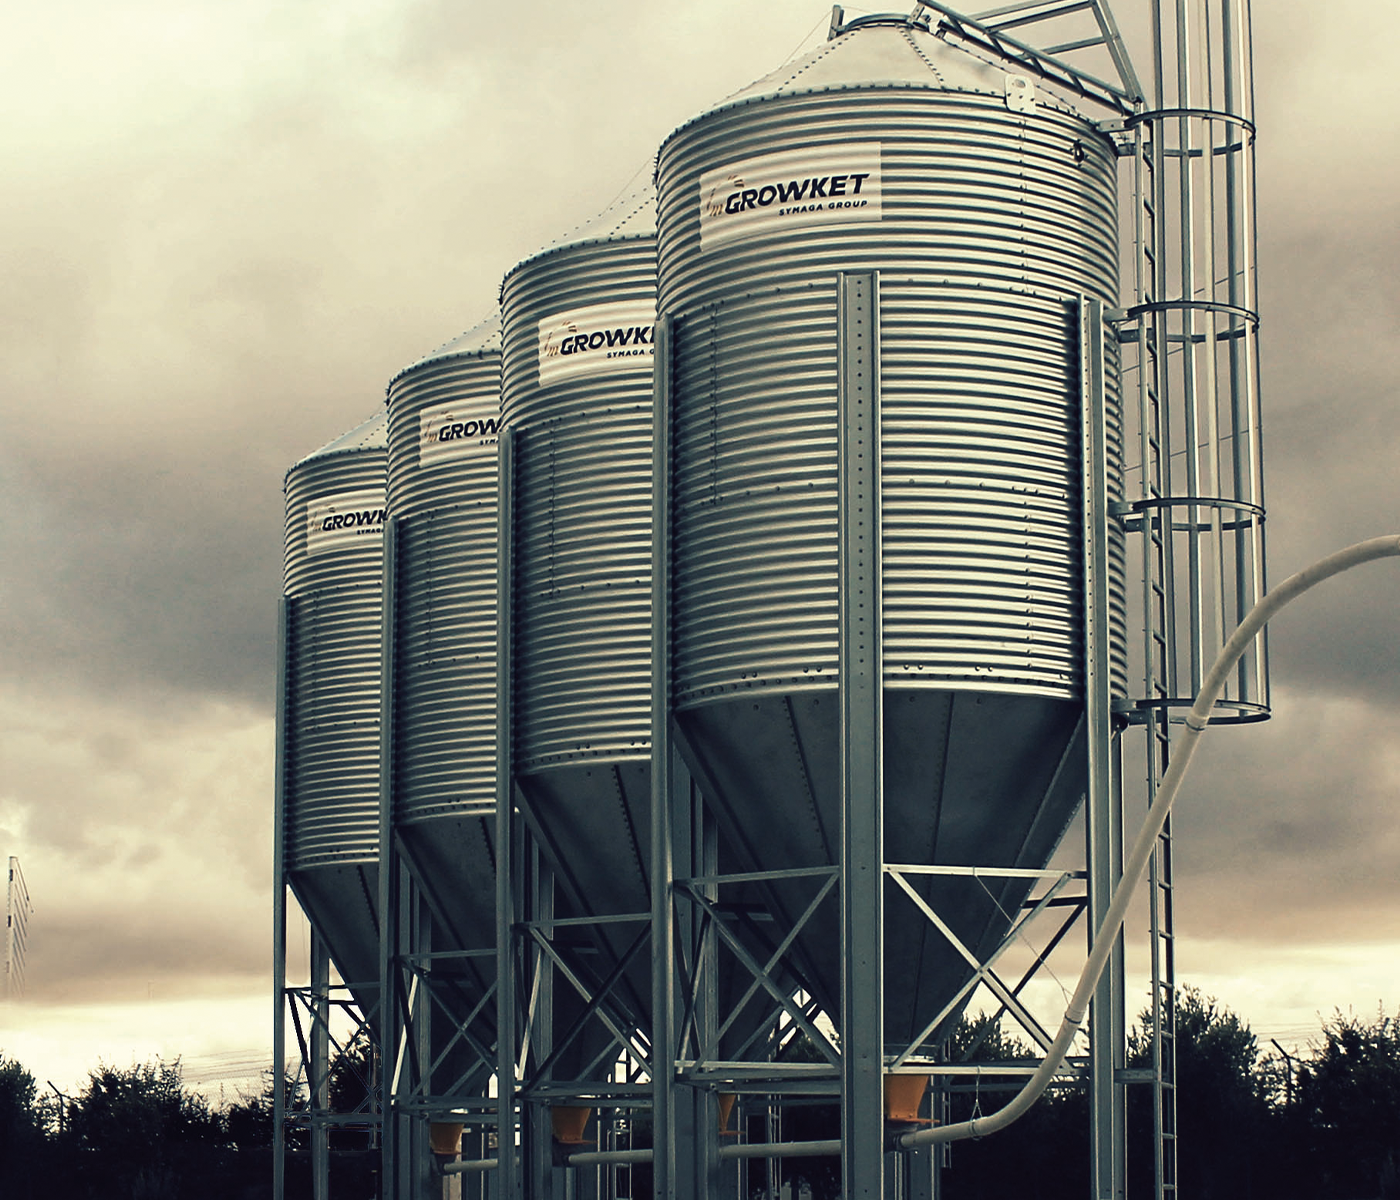 Nueva visión Growket: Ser referente en silos granja y sistema de distribución de pienso
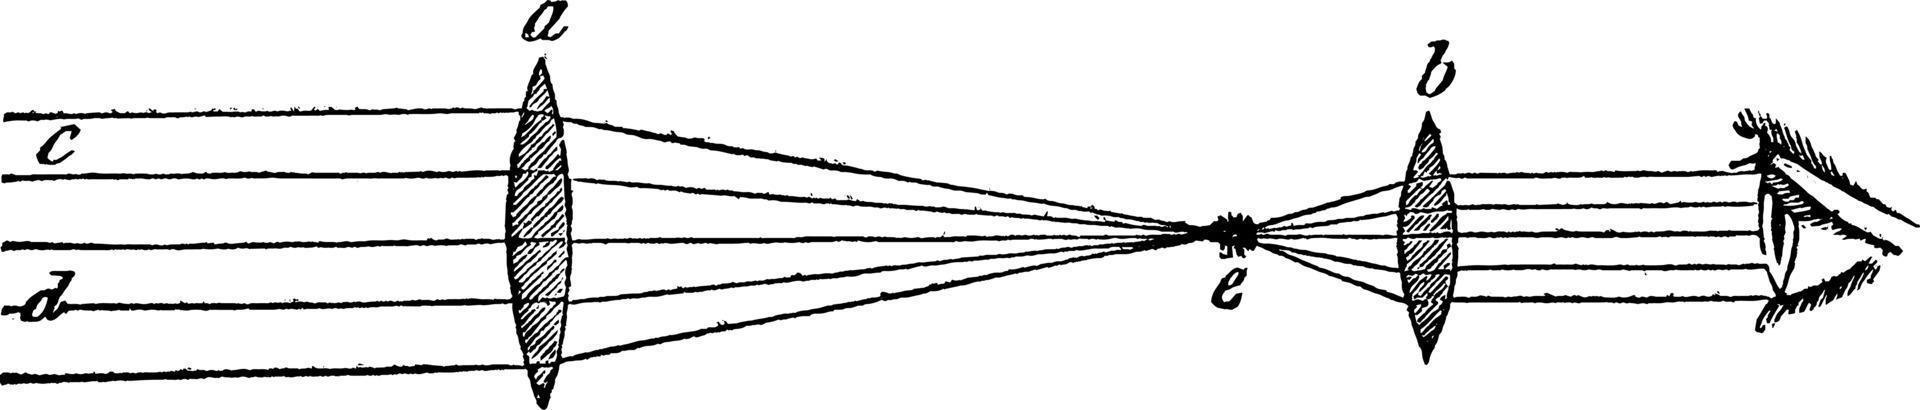 telescopio refractor, ilustración vintage. vector
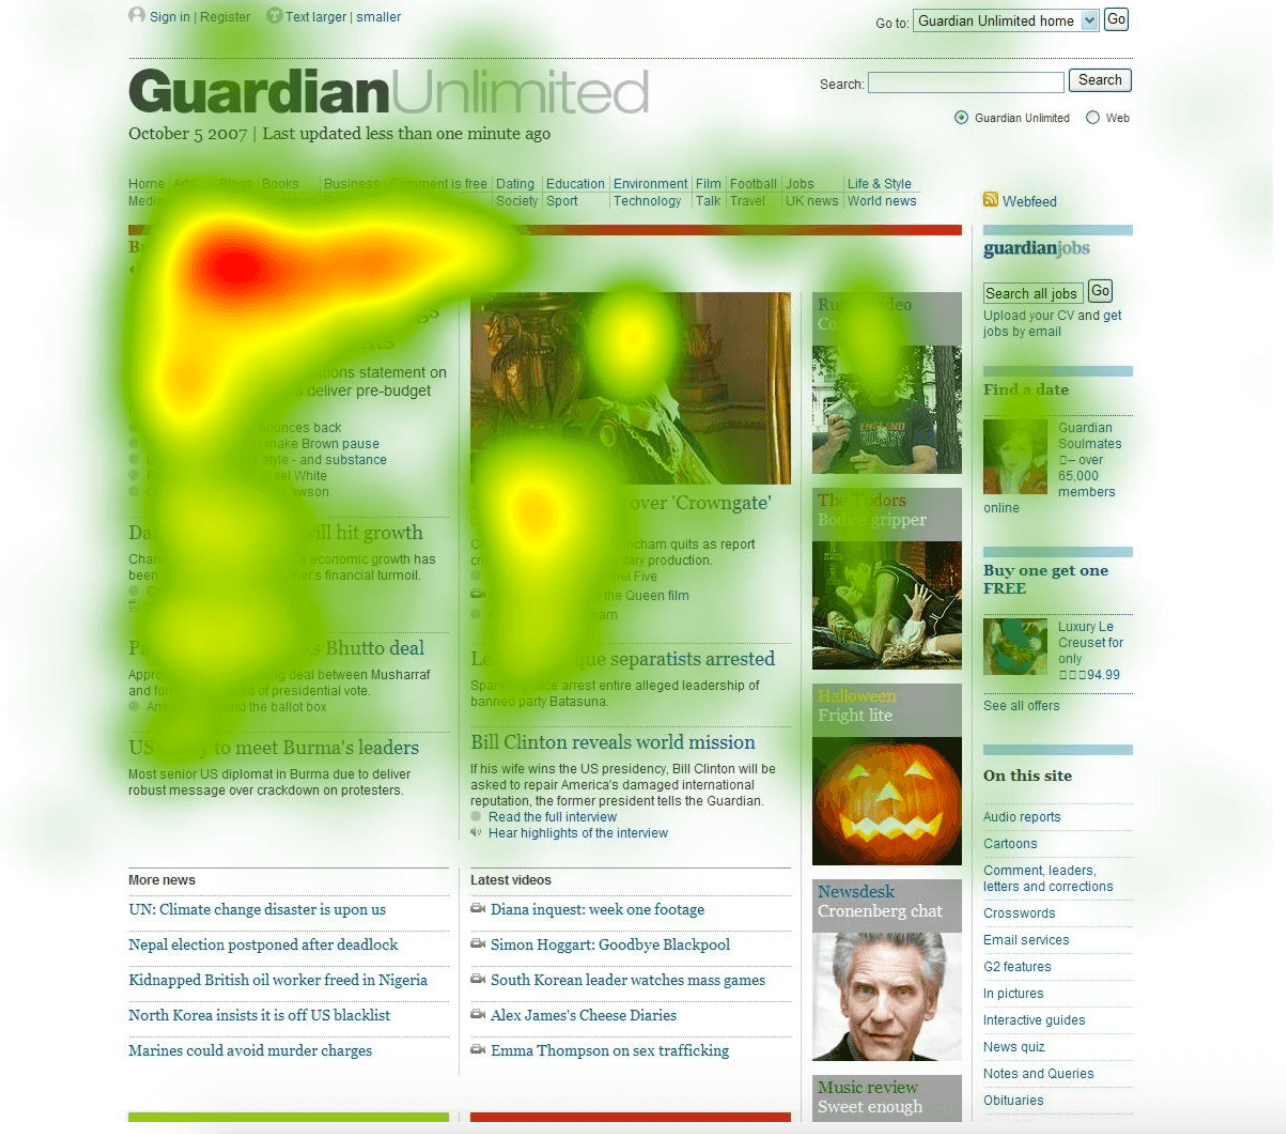 Zrzut ekranu mapy cieplnej z Guardiana pokazujący największą aktywność w pobliżu początku artykułu
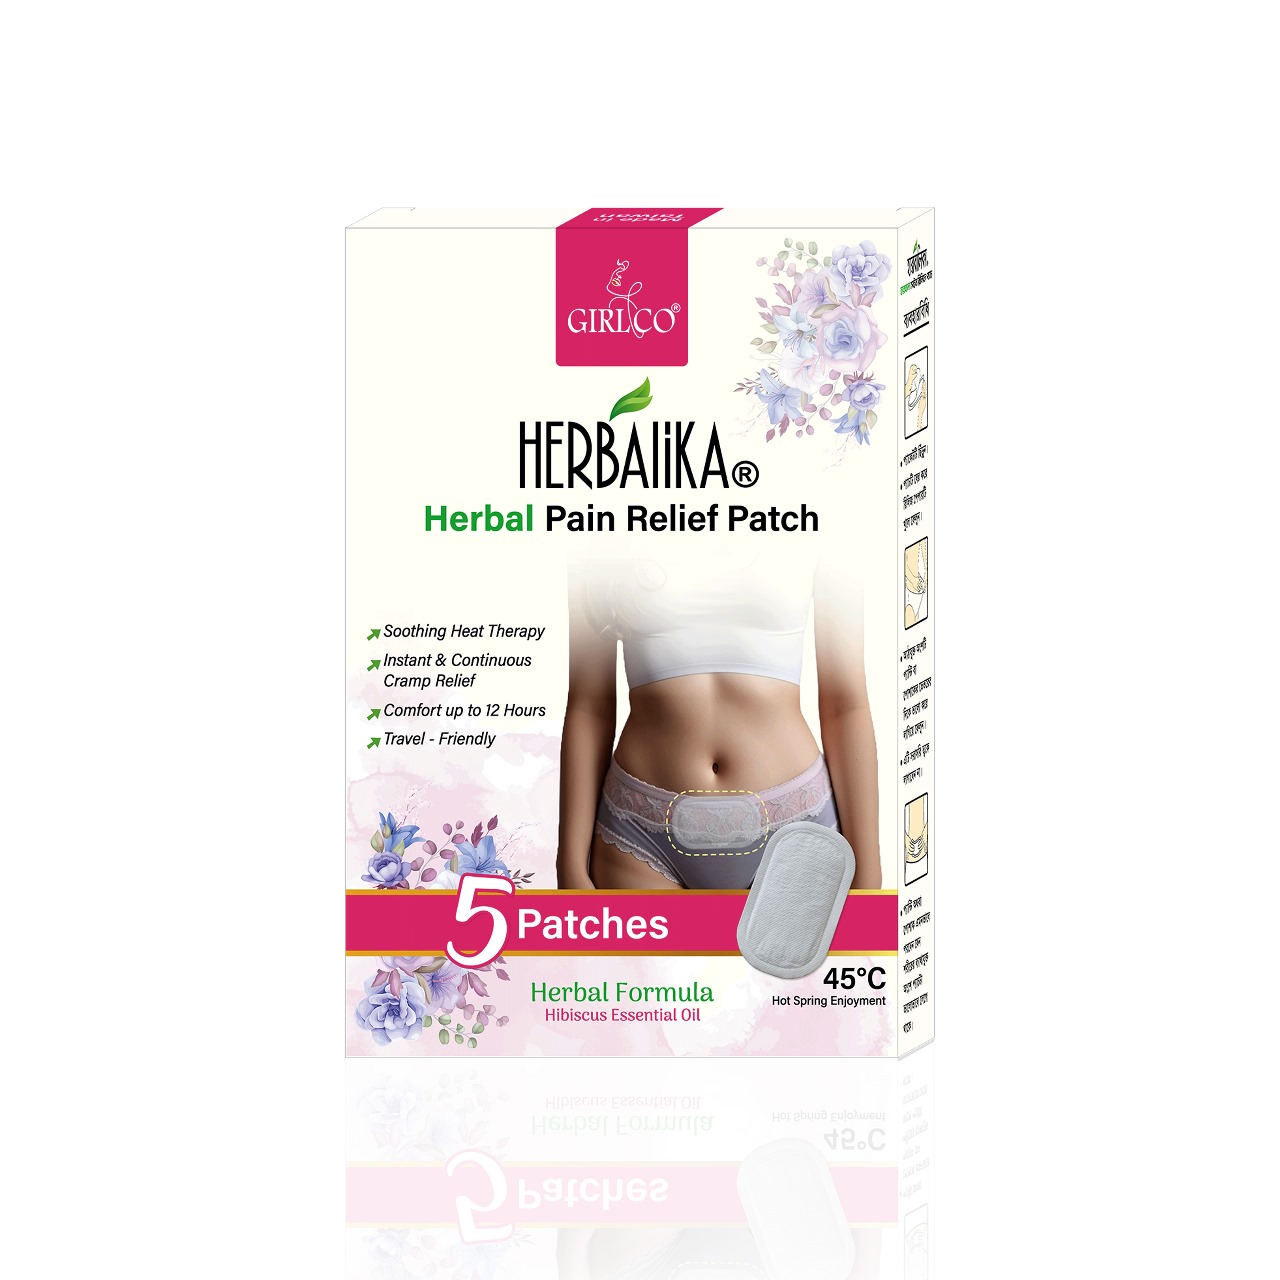 Herbalika herbal pain relief patch
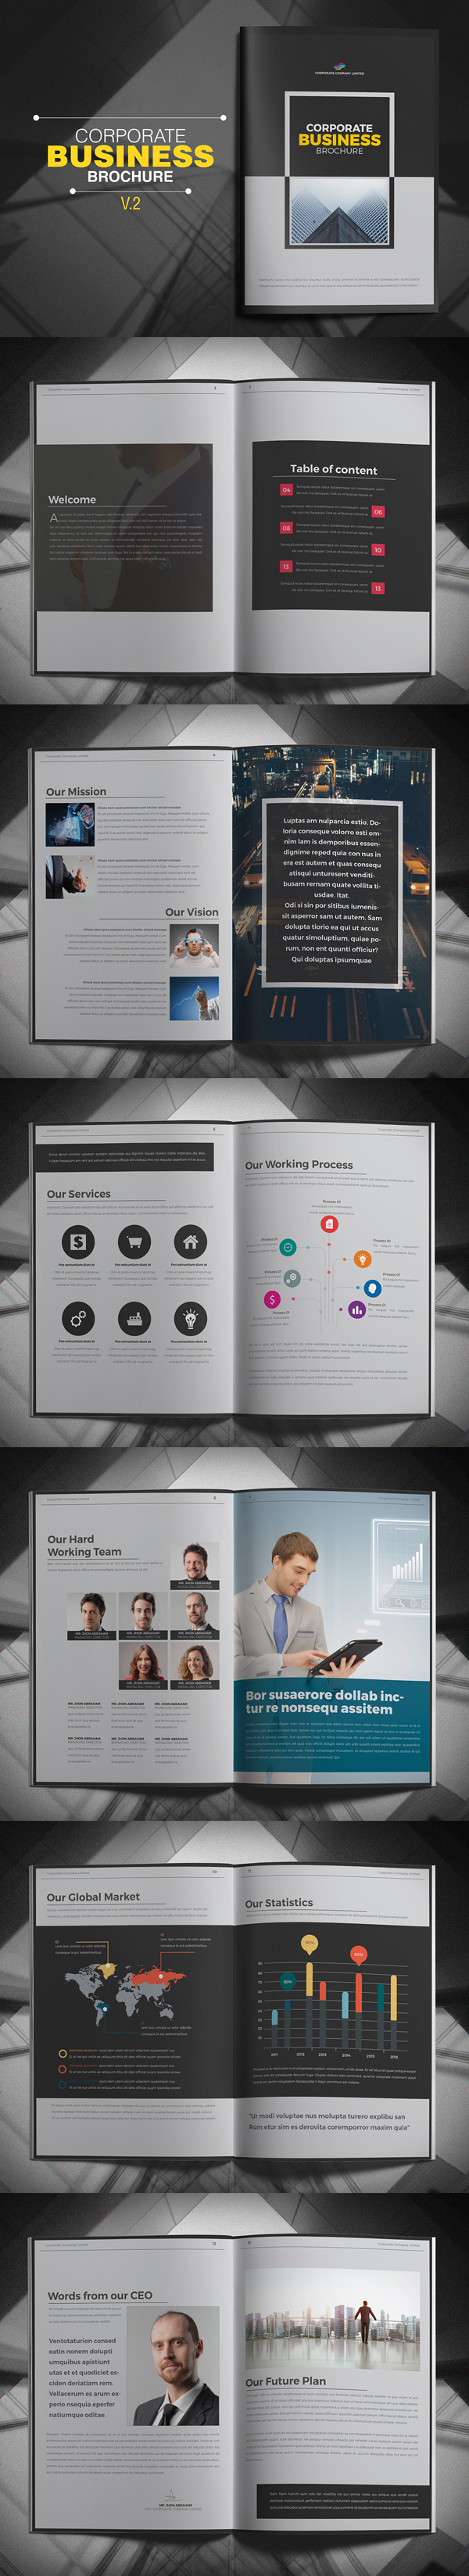 Corporate Business Brochure Design Template
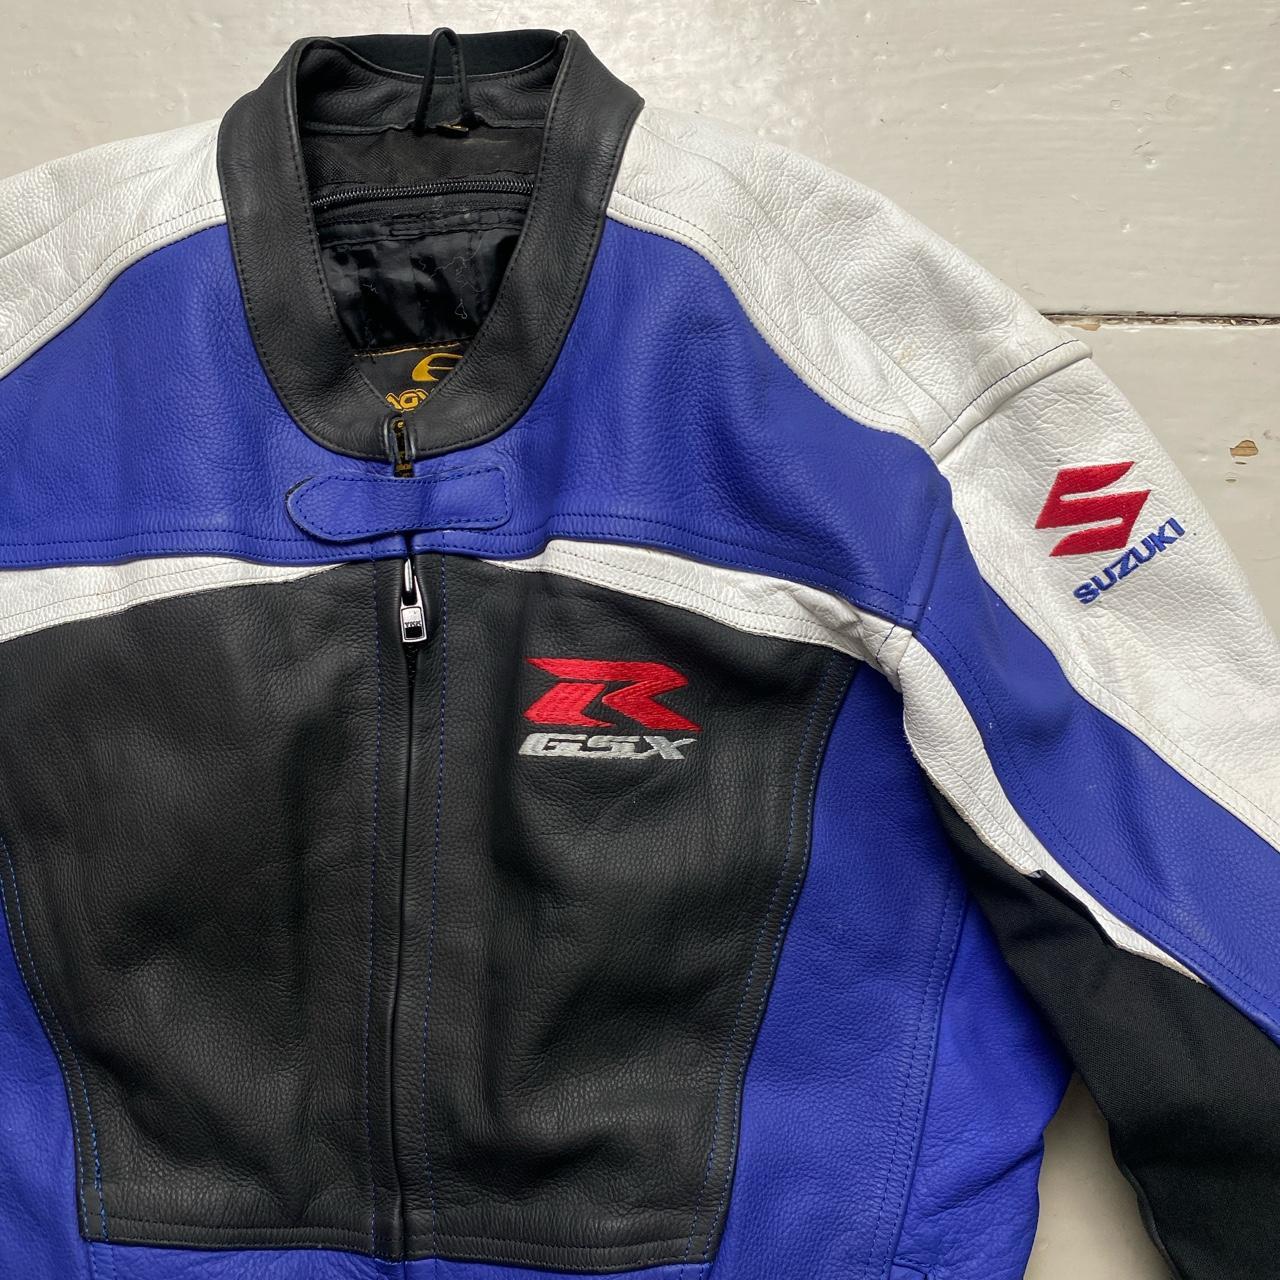 Suzuki R GSX Blue White Black and Red Leather Motorcycle Biker Jacket

PROBLEM - Please reproduce verbatim the lines from the line with "telescopio refractor, ilustración" through the final line of the listing, inclusive of both ends. Omit all pictures.

YOUR RESPONSE -
 telescopio refractor, ilustración vintage. vector
 Zrzut ekranu mapy cieplnej z Guardiana pokazujący największą aktywność w pobliżu początku artykułu
 Herbalika herbal pain relief patch
 Corporate Business Brochure Design Template
 Suzuki R GSX Blue White Black and Red Leather Motorcycle Biker Jacket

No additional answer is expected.